A ratos esta reflexión parecería ajustarse al lenguaje utilizado por Felipe Cussen en su poema Deshuesos, título que alude a la transición en que el cuerpo se convierte en texto -o al revés- a lo largo del trabajo de escribir y corregir. El bloque de palabras, la prosa, le da una unidad que parece deliberadamente artificial o, mejor dicho, artificiosa. Abre el poema un "No sé." que afirma concisamente la medida de su confusión; el "Sólo se copia" que sigue pretende desligarse del lenguaje que lo habita. Frases junto a frases, entrecortadas o tarareadas, así el texto se torna críptico, obligando a quien lee a volverse sobre las palabras para alojarse en lagunas de sentido que, a mi parecer, revelan que el proceso que se describe en el sustantivo del título -por lo pronto desvestirse de ropa, piel, músculos, vasos, sangre, órganos, grasa, linfa, hasta hacer aparecer la estructura ósea sobre la cual, como un brujo que busca respuestas del cosmos leyendo la disposición de los huesos de murciélago que tiró sobre la tierra, encontrar una forma que hable con vocablos que correspondan sólo a sí mismos- trata de ir al encuentro de una lengua que le permita decir lo que ni el sujeto que vocaliza sabe: "no alcanzo mi nombre". Luego de eso el cuerpo del texto se inunda de otras cientos de cosas que hacen difícil el purismo poético; se llena de registros serios e irónicos, de dobleces donde parece oírse la voz de otros, o de otro, que comenta como una supraconciencia culposa o maligna.

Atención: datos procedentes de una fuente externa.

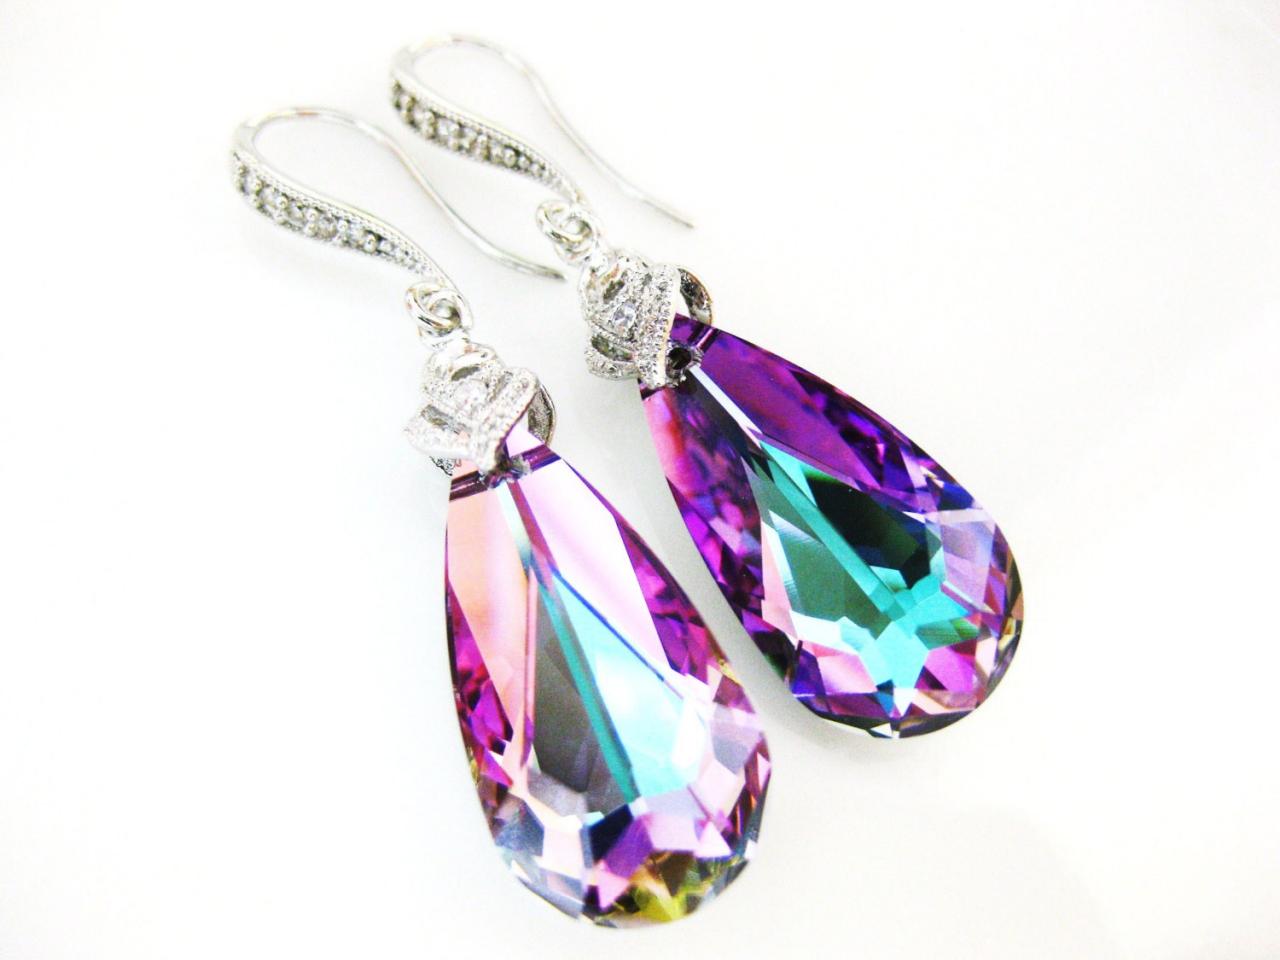 Purple Crystal Earrings Swarovski Vitrail Light Crystal Teardrop Earrings Bridesmaid Gift Wedding Jewelry Bridal Drop Earrings (e025)

Aparece en sordina el ejercicio del trabajo de lectura literaria: los libros, los estantes, palabras que no son de uno, un proceso de traducción -de nuevo lectura- de otros, mosaicos como el mismo poeta admite y, a la vez, la necesidad de irse de allí, de volver a sentir: sensualidad, el cuerpo. Puede argüirse que la textualidad que aquí se arma después de -según cuenta el autor- diez años de corrección es la explicitación de la crisis de un sujeto, del sujeto, del literato contra su carne, aunque decirlo así reduce la singularidad del poema y parece no aludir más que a un lugar común.

No sé si será verdad, ni tampoco tengo idea de cuál sea el sujeto que se contrapone al que más arriba describo, al enfermo, si existe el sujeto sano que configurara idealmente su opuesto; tal vez sea el sujeto que usa el lenguaje como si tuviera plena conciencia de lo que escucha, en cuyo proceso de osmosis textual sus células cutáneas están capacitadas para elegir qué escucha y qué no. Tal vez un cuerpo que no deja entrar al mundo, sino que lo compone componiéndose; así su cuerpo habitaría un espacio elaborado cómodamente por la escritura -la suya, la de la tradición- desde donde se produce la salud. Pero, ¿existe tal sujeto? ¿No contraviene la naturaleza adquirida del lenguaje, la posibilidad misma de comunicar, esta disposición del sujeto sano? Ambos extremos se transforman en casos de aislamiento, y puede que sea allí, en el completo abandono de las raíces del sentido donde existe el lenguaje -de la separación de la palabra con quien la dice y de quien la dice con los otros- donde el escritor sanísimo y el enfermo se encuentran: en la incapacidad de hablar, convirtiendo en un instante la salud y la enfermedad en lo mismo.